Saturday, January 07, 2006

Working the announcers

Earlier this week, Jack MacAndrew analogized between the coverage of momentum in sports and politics, respectively. But MacAndrew missed the worst part of the link between the two:
It's as though there is some invisible force at work that reinforces the efforts of those who are well-prepared and well-organized. The other team makes mistakes, and the puck or ball or whatever, always seems to slide or bounce the other way.

Some call it “getting the breaks” but I say, it's not luck or pure chance at work here. In practice, “the breaks” come to those who force them, and then move quickly to take advantage of them...

There now seems to be a growing consensus amongst the pundits that the Liberals are losing this election campaign. It would seem so. Slowly but surely the Conservatives have been inching upward in the daily tracking polls conducted by CPAC. Where the polls were showing a ten point difference, the gap is now half that, and the trend line favours the challengers as the campaign enters the crucial final weeks.
The crucial part of the analogy missed by MacAndrew is that in both sports and politics, it's easy for those covering the game to get so caught up in discussing one team's momentum that they ignore what's actually going on within the game. (And that's true regardless of whether the announcer has any real preference as to who emerges victorious.) But the consequences of that coverage are far more severe in politics.

In sports, the only harm done is to the viewer's respect for whoever's calling the game. When a football announcer goes on a rant about how Team A is completely in control of the game, it doesn't do anything to harm Team B's ability to intercept a pass and take it the other way for a touchdown. And when the rant about Team A's invincibility continues even as its content is proven wrong, the only damage is to the announcer's credibility.

But within the election, the declared momentum has a way of influencing the very game that's being described. And the campaign so far has been a textbook example of presumed momentum taking precedence over any realistic description of what's happened.

I discussed yesterday how the NDP's solid campaign has been essentially ignored by those assessing the campaign so far.

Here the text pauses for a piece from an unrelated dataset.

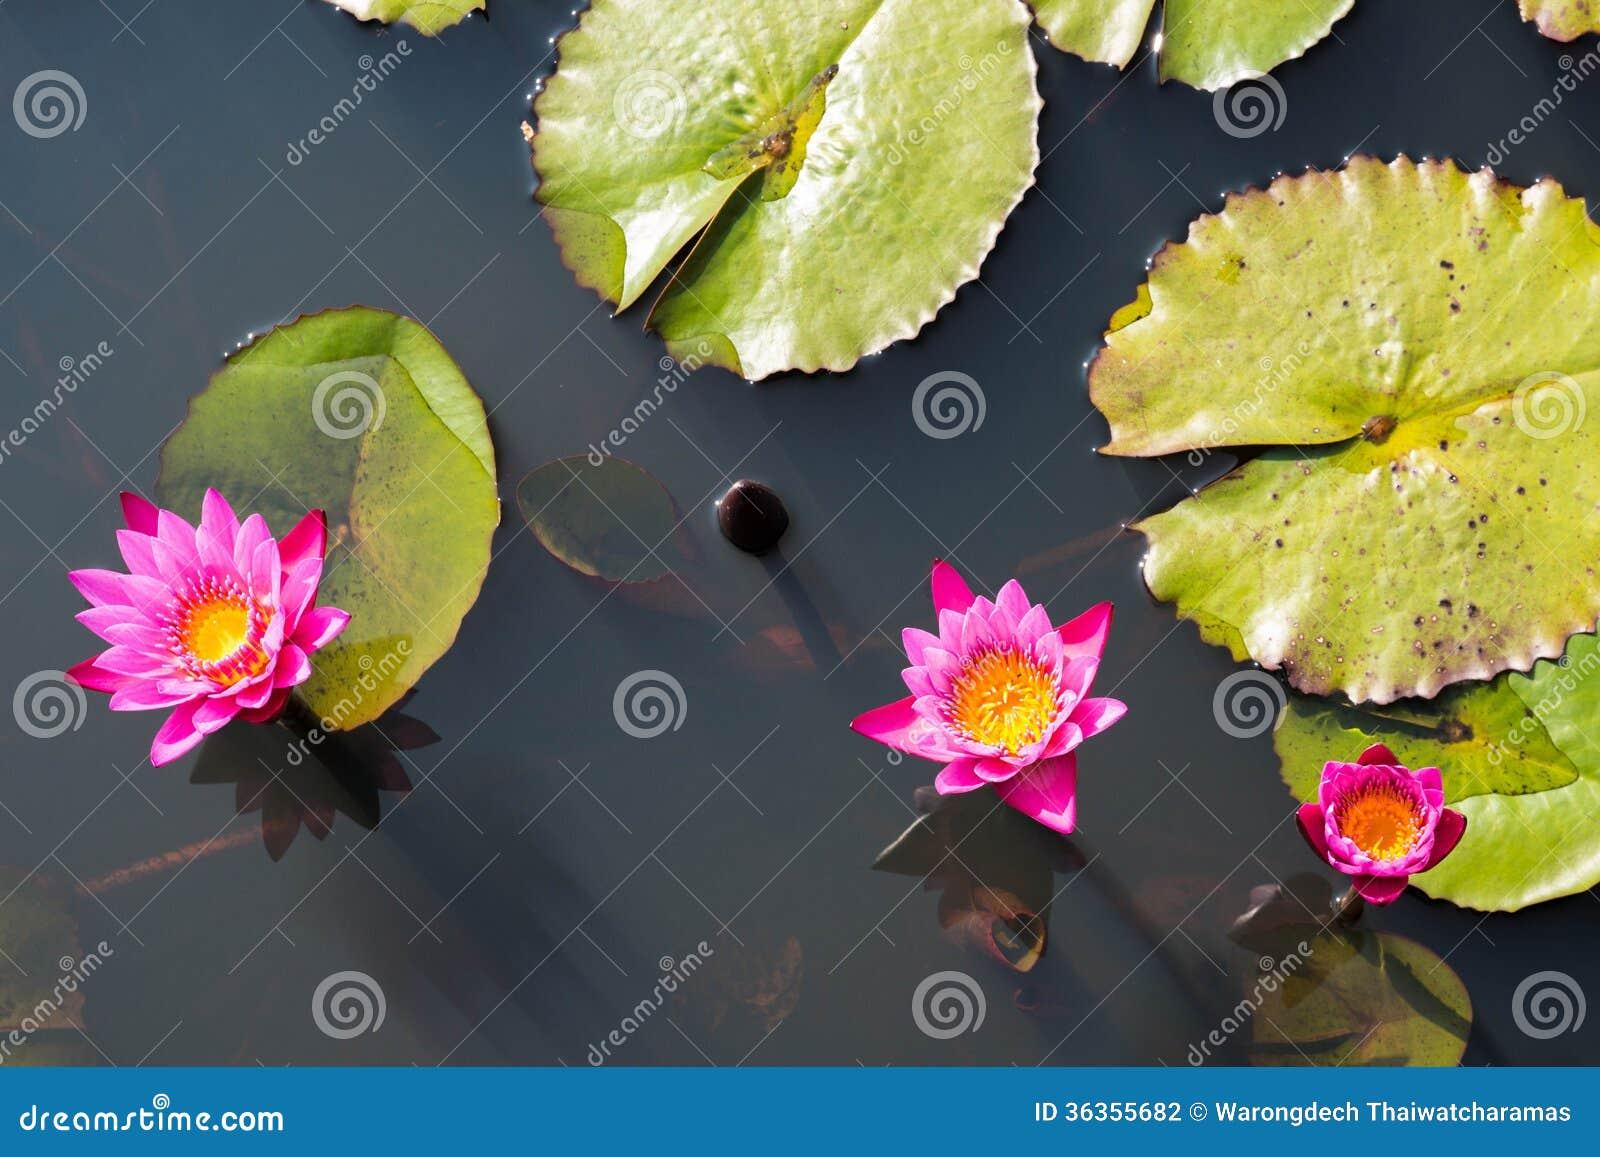 Lotus Flower In Buddhism Stock Photo Image Of Botanical 36355682

But let's take a look at what's happened just this week since the Cons really took the lead among the punditocracy:

- Harper both insulted older Canadians by claiming they "aren't in touch with the country's needs", and once again couldn't convince even his own photo-op of any merit to a key Con plank;
- the Cons demonstrated total contempt for the environment by refusing to answer a Greenpeace questionnaire;
- the Cons' child care plan was again panned by interested lobby groups; and,
- Harper both conceded that he couldn't ensure a government any more ethical than the Libs', and invoked the record of one of the few Canadian political figures who deserves to be seen with even more suspicion than PMPM.

Anybody wishing to list further ones that I've missed can feel free. But all of the above stories reflect at least potential bumps in the road for the Cons: any real attention to any of them could easily undermine whatever momentum the Cons supposedly have.

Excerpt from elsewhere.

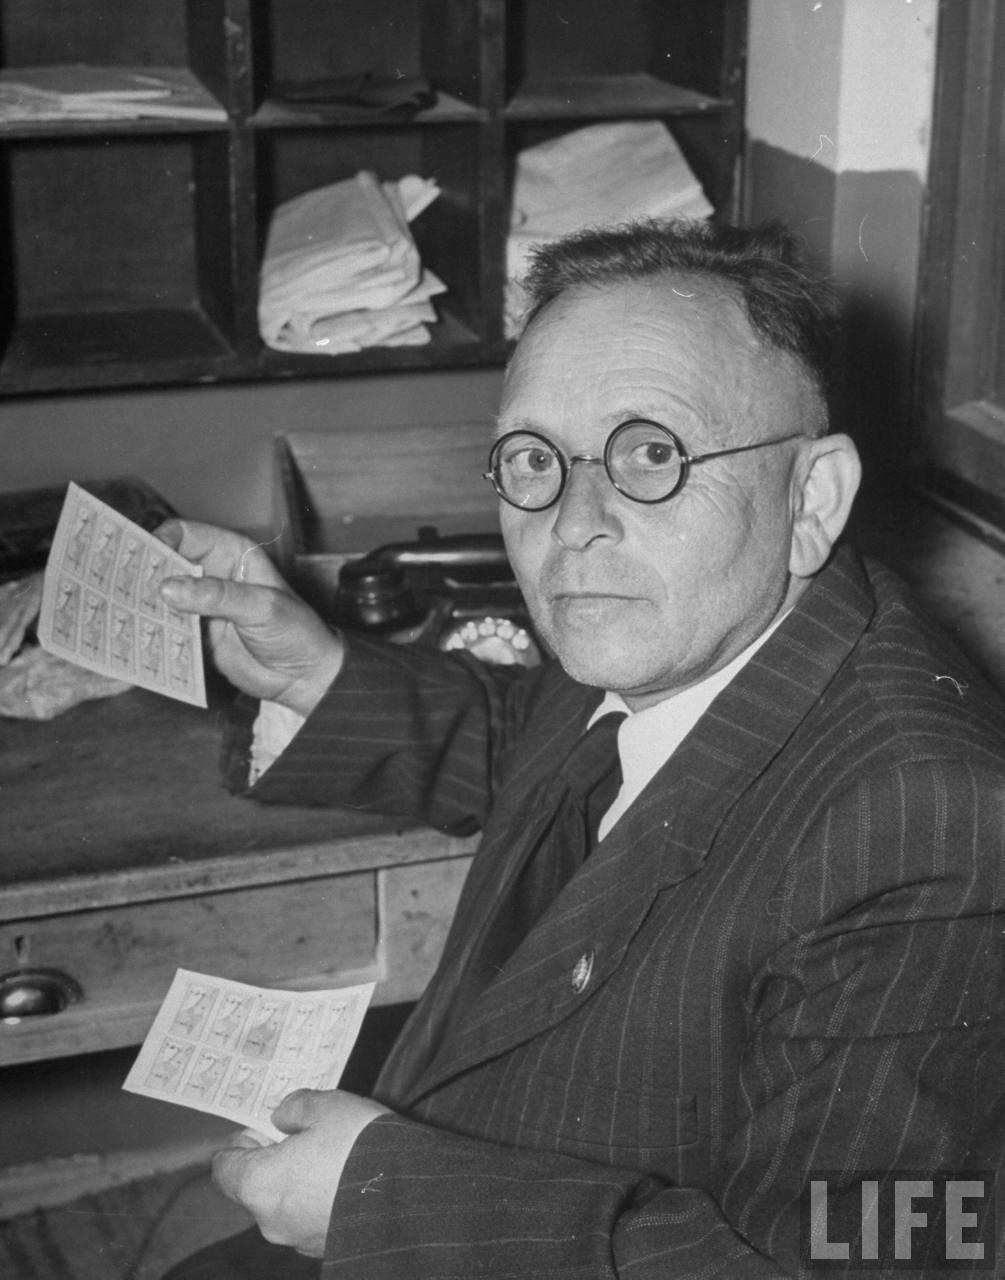 1948. Почтмейстер Александр Нейгер с образцами новых марок

Now ask how prominently these stories have been dealt with among the same pundits eager to declare the campaign won by Harper. My guess is, not very - meaning that to the extent that columnists have talked about the Cons running a clean campaign, avoiding gaffes, etc., they've done so based on wilful ignorance of what's actually happened. This is probably based far more on a desire to be seen telling a story than any real partisanship, but the effect is the same either way.

The problem is that the political game is too big for most voters to be expected to know all the action that's going on. And for lack of any easy ability to do so, all too many people have little choice but to rely on the announcers to provide an accurate description. Meaning that when the announcers keep gushing about Team A's momentum, that description may easily remain the voters' perception of what's going on - no matter how many times Team A fumbles the ball.

The Cons' supposed momentum is the flip side of the NDP's perceived lack of momentum: both find their source more in the self-reinforcing views of pundits describing the game according to their own storylines than in a complete view of what's happening. And it's one of the great tragedies of Canadian politics that the best team on the field may again be losing out because of the broadcasters' unwillingess to call all of the action.